▸ **YOUR INSTRUCTIONS**
Everything in the listing below has to be repeated exactly, except the pictures.

▸ **PROVIDED MATERIAL**
Segment Open
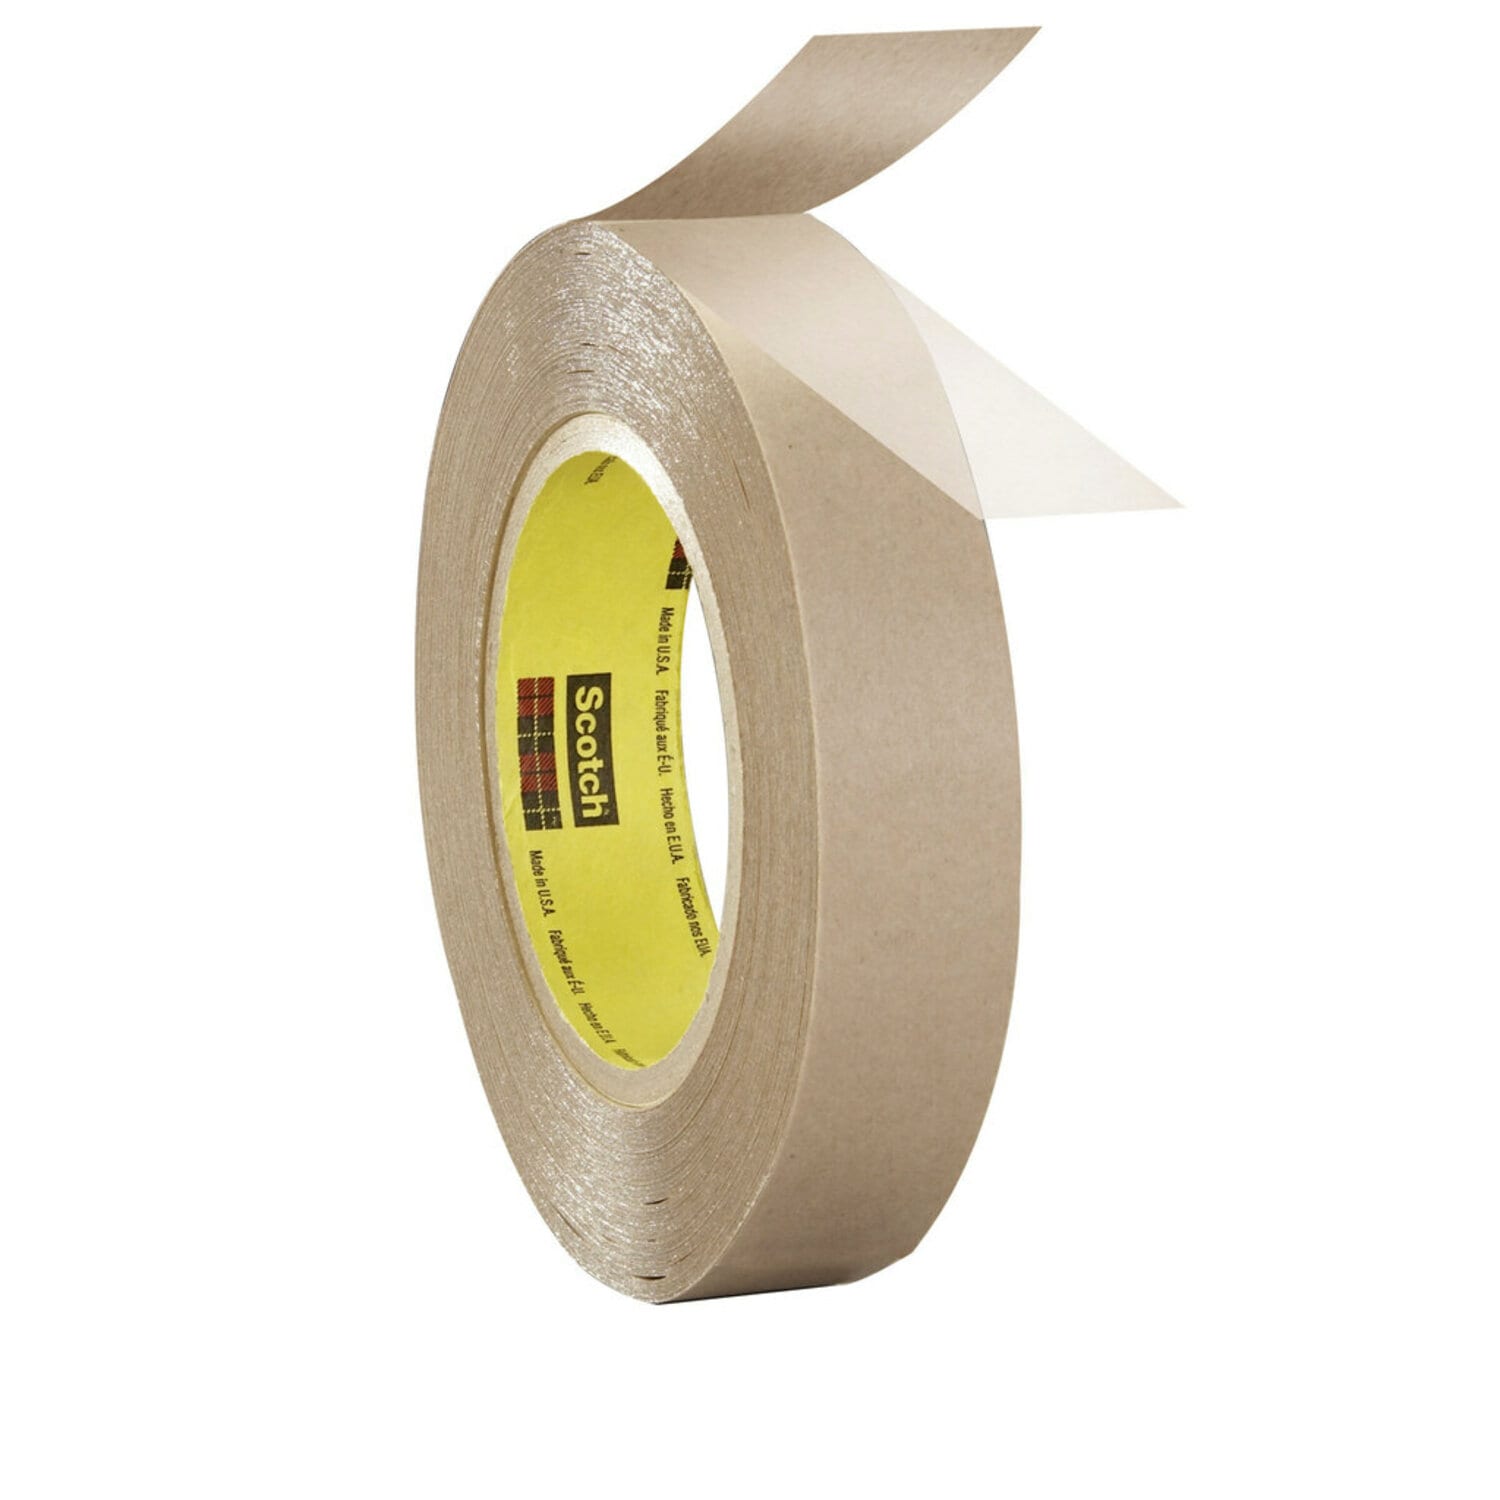 7100073107 - 3M Double Coated Tape 9832HL, Clear, 4.8 mil, Roll, Config
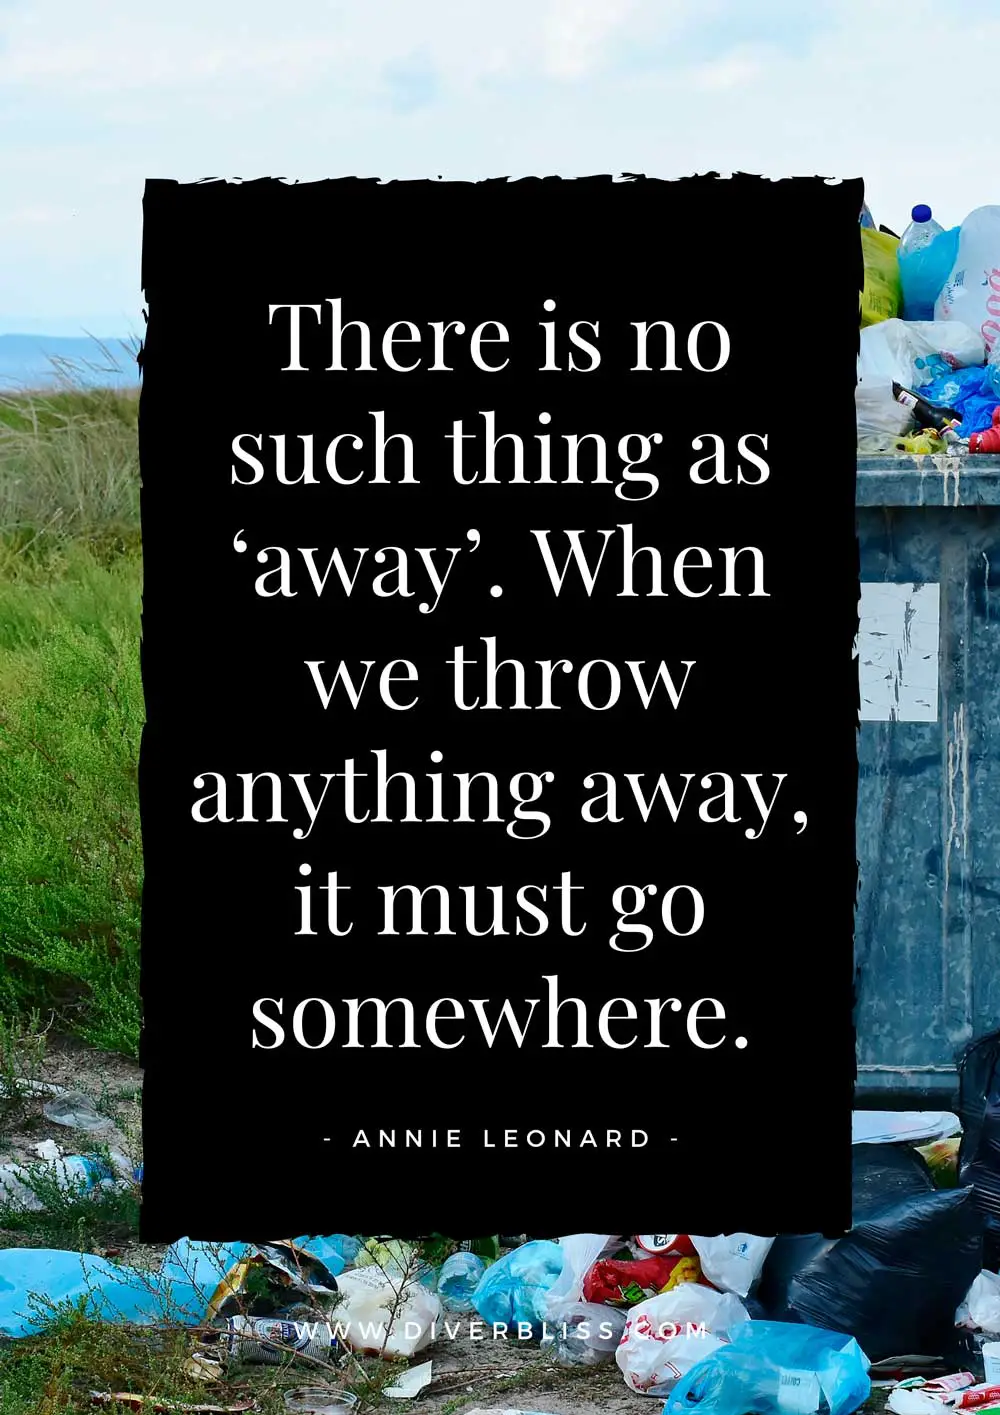 Plastic Pollution Quotes Poster: "There is no such thing as ‘away’. When we throw anything away, it must go somewhere." – Annie Leonard
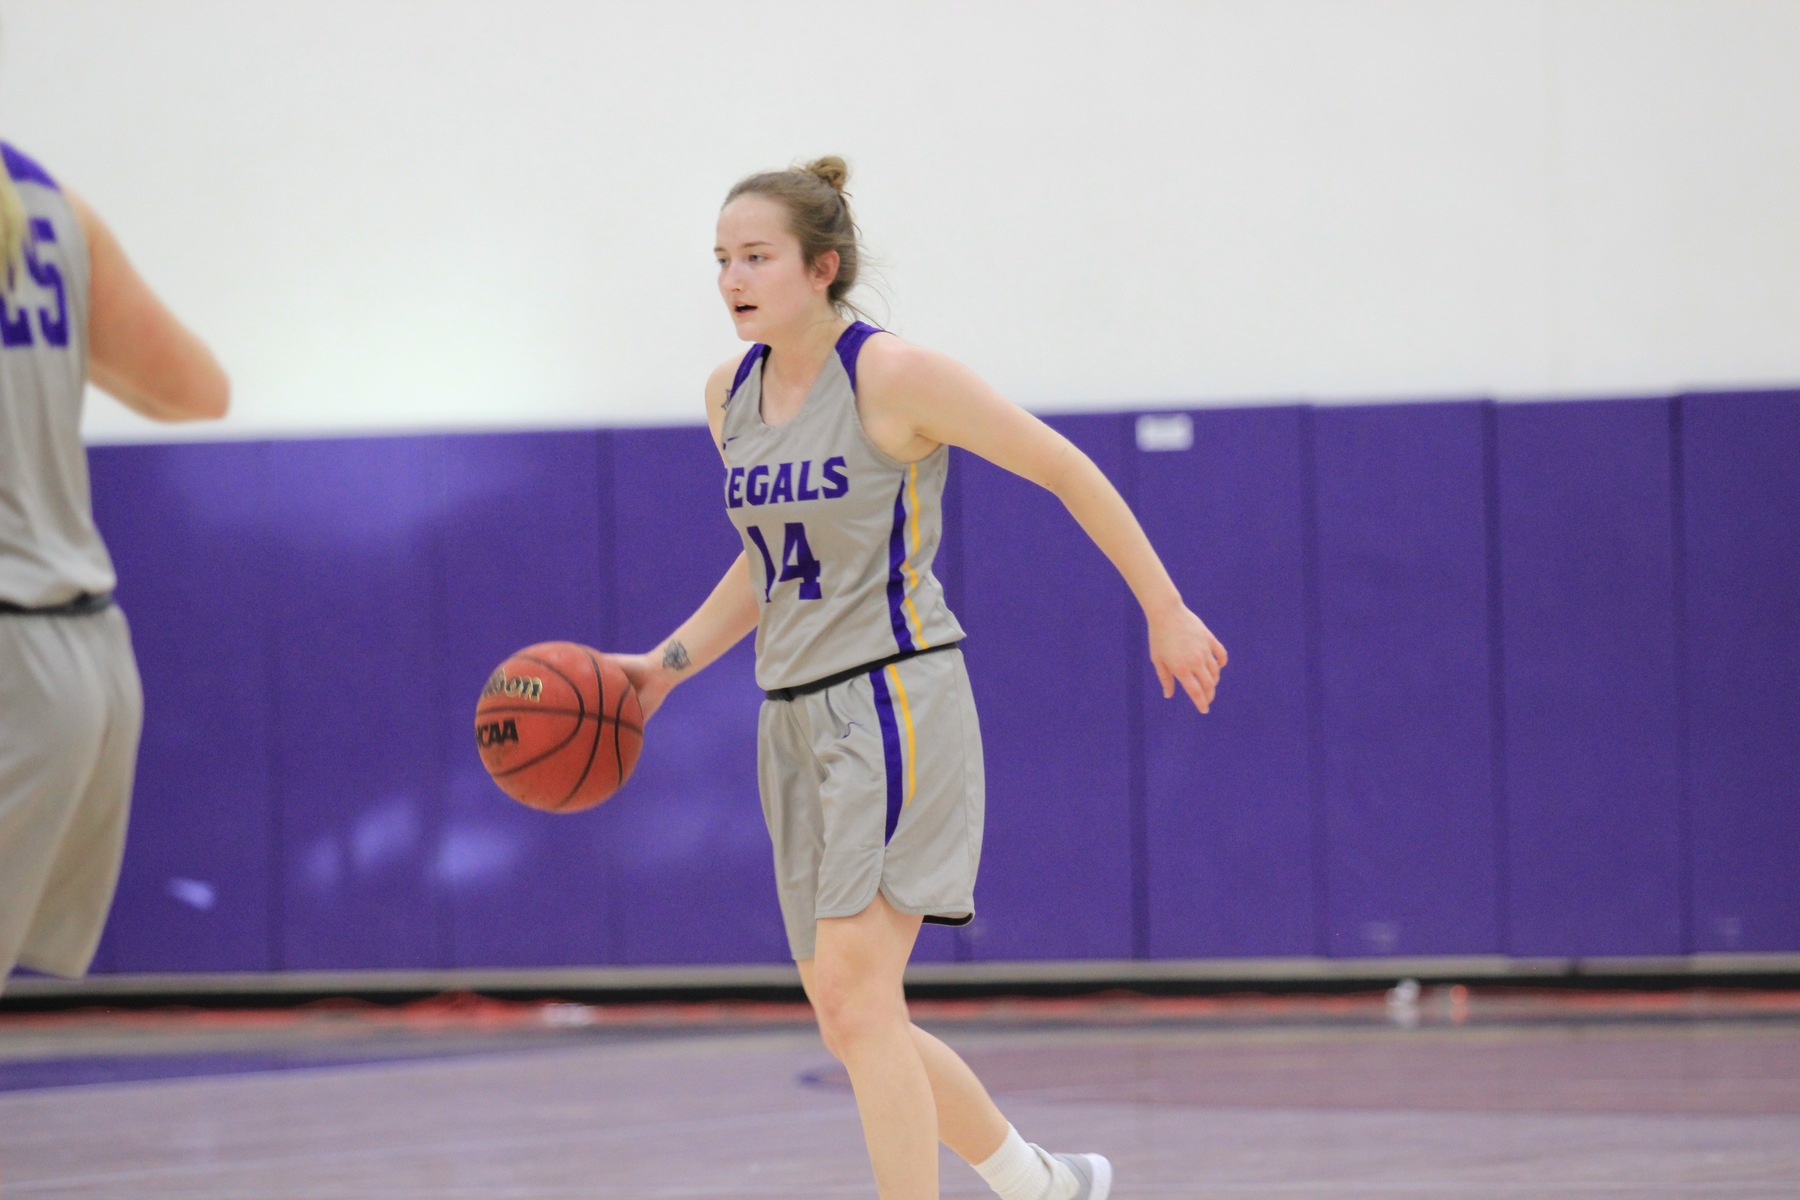 Natalie Ruhl led the Regals with 16 points on the night. (Photo Credit: Gabby Flores)
Segment Closed
▸ **TASK SOLUTION**
 7100073107 - 3M Double Coated Tape 9832HL, Clear, 4.8 mil, Roll, Config
 Plastic Pollution Quotes Poster: "There is no such thing as ‘away’. When we throw anything away, it must go somewhere." – Annie Leonard
 Natalie Ruhl led the Regals with 16 points on the night. (Photo Credit: Gabby Flores)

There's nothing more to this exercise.